# C. Matthew McMahon & God's Everlasting Covenant



## AV1611 (May 14, 2007)

I am just intregued as to why you say of Hanko that "His answers in ratifying infant baptism were horrific, and illogical at best. “Reformed” Baptists would laugh at his work in this book as arguments to win them over to his side."

http://www.apuritansmind.com/BookReviews/HankoHermanEverlastingCovenant.htm#_ftnref9



> Chapter 9 explores the question, “Who is the true seed of Abraham?” Some believe that the Jews are the seed of Abraham, and others that believers and Jews are made of the seed of Abraham. Hanko asserts that Christ is the Seed that Abraham bore in his lineage and is the Seed that is discussed in the New Testament. It is true that the child Isaac came as a promised “seed” but this seed pointed to the greater Seed that is Jesus Christ. Isaac was simply a type of Christ to come. If Christ is the true heir of Abraham, then only those in Christ can be true seeds of Abraham. It is only for the heirs of the promise that Christ died, and only for them that are children of God. Christ is the true heir to the promises given to Abraham, and all those in Him are co-heirs.
> 
> Chapter 10 deals with the believers and their seed. All those who are in Christ are also true seeds of Abraham.
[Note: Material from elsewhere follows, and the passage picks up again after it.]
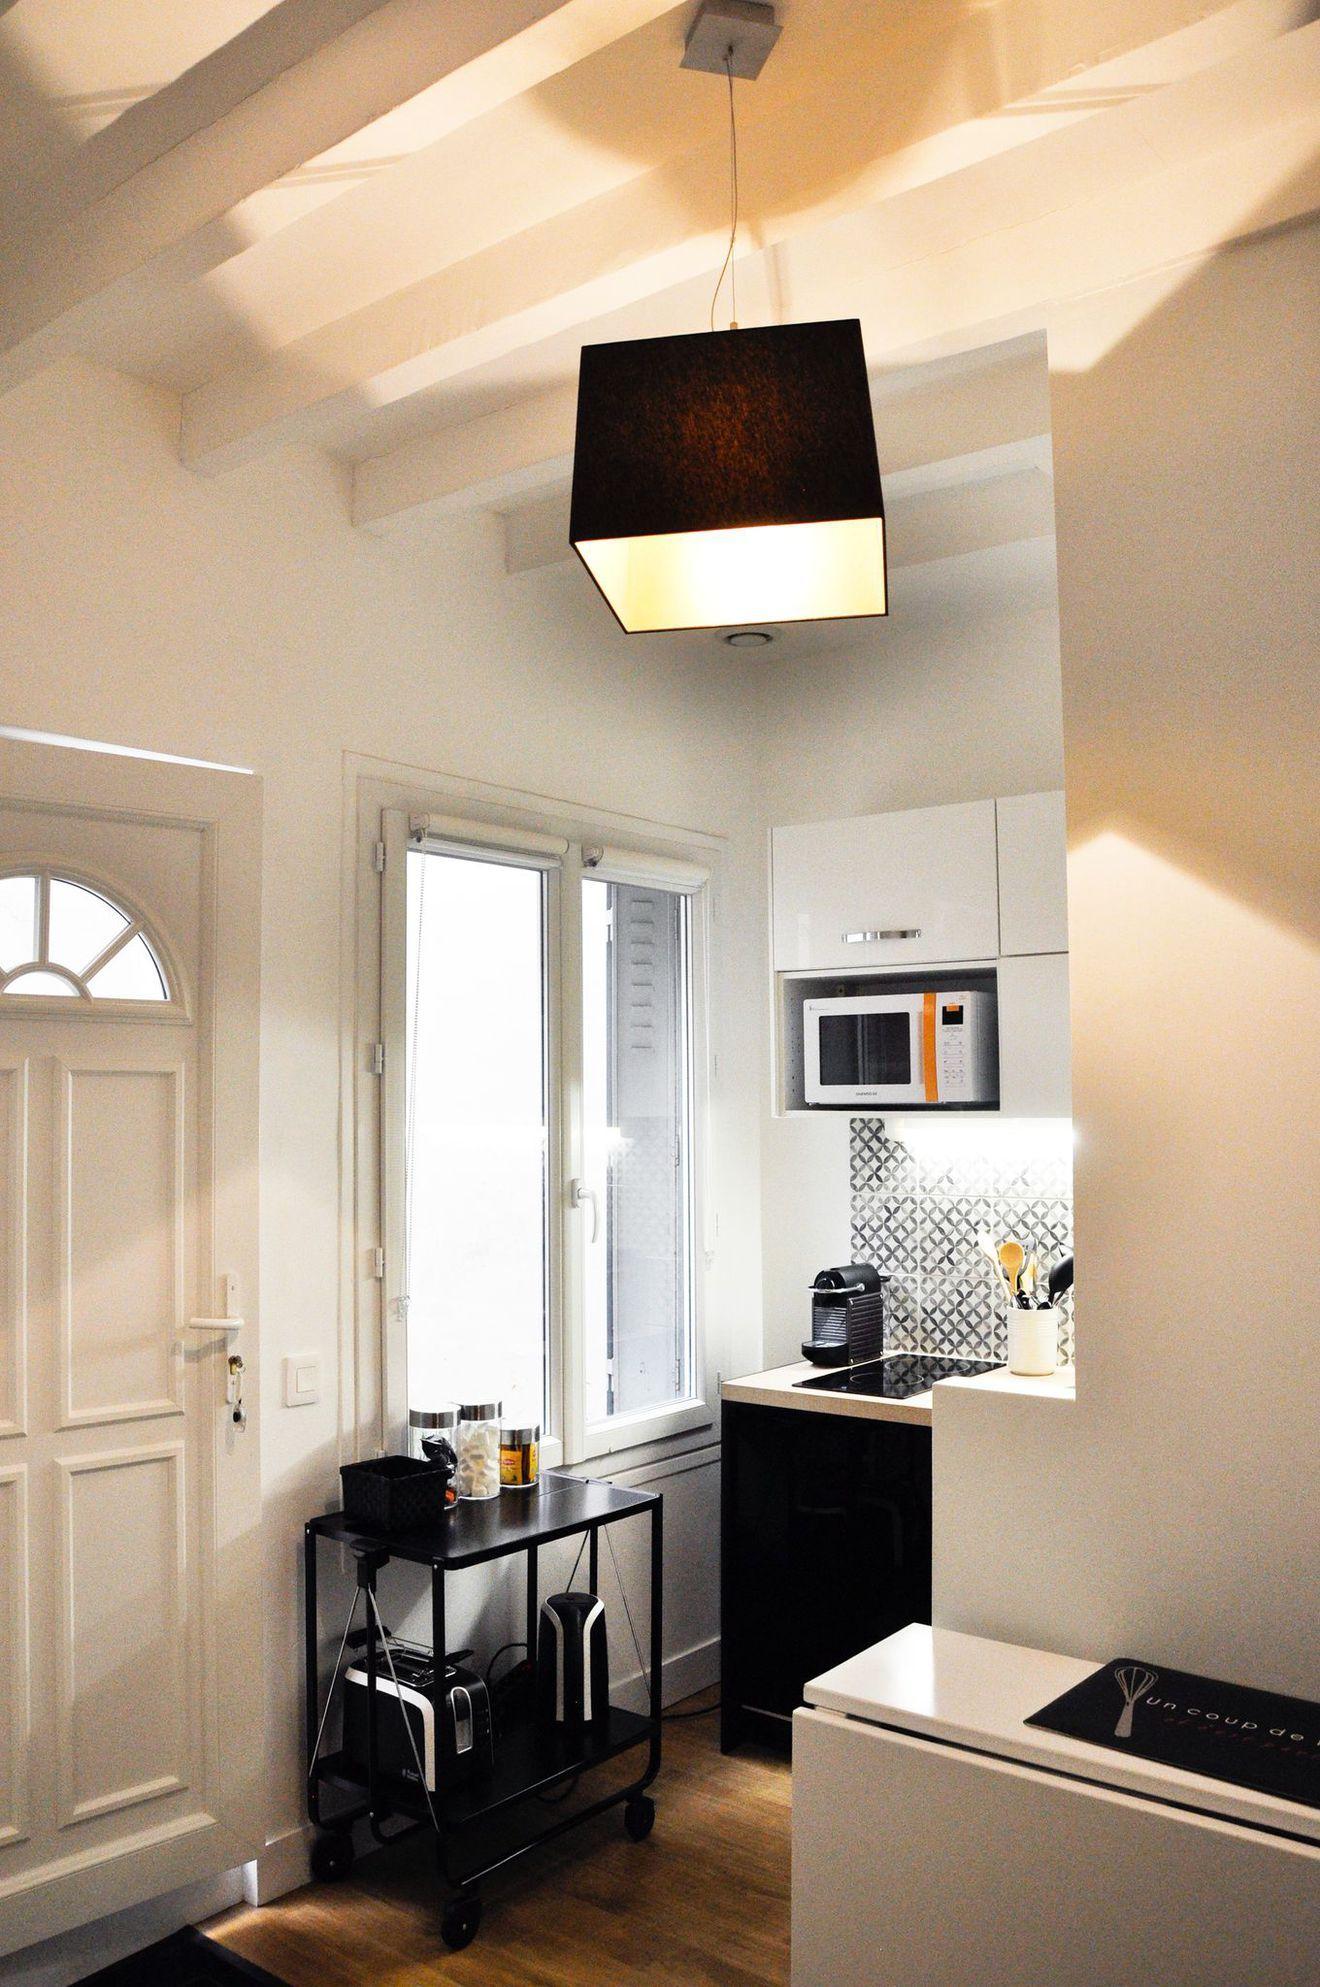 Architecte Interieur Paris 18 studio étudiant paris 18 : un duplex de 19m2 fonctionnel et

Dispensationalists are wrong when they make a division between Israel and the church in this case, for all children of Abraham are considered the church. The church is constituted of the Gentiles and Jews as heirs to the kingdom and seeds of Abraham. Also, Hanko says it is important to consider how children are continually part of the covenant instead of casting them out because of a dispensational change. He says we should remember that the church in the Old Testament and New Testament is one. If there is only one covenant, then there is only one sign of the covenant (circumcision in the Old Testament and baptism in the New Testament both point to regeneration). God gave Abraham an everlasting sign to the covenant. That is why there is no mention of the baptism of infants in the New Testament because we see the same hermeneutic of “households” being baptized as they were inducted by circumcision in the Old Testament.
> 
> ...


----------



## C. Matthew McMahon (May 14, 2007)

Hanko's treatment is not only non-Westminsterian, but non-RB, and more pro-FV. I am not saying Hanko is FV, but his view is much like what leads one to be FV. Its the erroneous road that leads one down that path. He blurs the lines and covenant concepts together making Chapter 3 and Chapter 7 of the WCF unintelligible bewcause he redefines covenant.


----------



## AV1611 (May 15, 2007)

C. Matthew McMahon said:


> Hanko's treatment is not only non-Westminsterian, but non-RB, and more pro-FV.



Matthew,

Thanks for the reply. 

I know you disagree with his conception of the covenant of works &c. and I know that FV folk have said that the work of Hoeksema _et al_ helped them onto their own brand of (in my opinion heretical) theology but what I was wondering is why do you believe that Hanko's position would cause "Reformed” Baptists to "laugh at his work in this book as arguments to win them over to his side." I am just interested in the specifics as I found Hanko's book _We and Our Children_ to be very helpful in dealing with Baptist polemic and has helped me see that I was wrong to reject paedobaptism.

Further what are your grounds for arguing that in saying that "children receive the external mark of the sign, but not the inward salvation that is represented in the sign" Hanko "does not answer the question"?


----------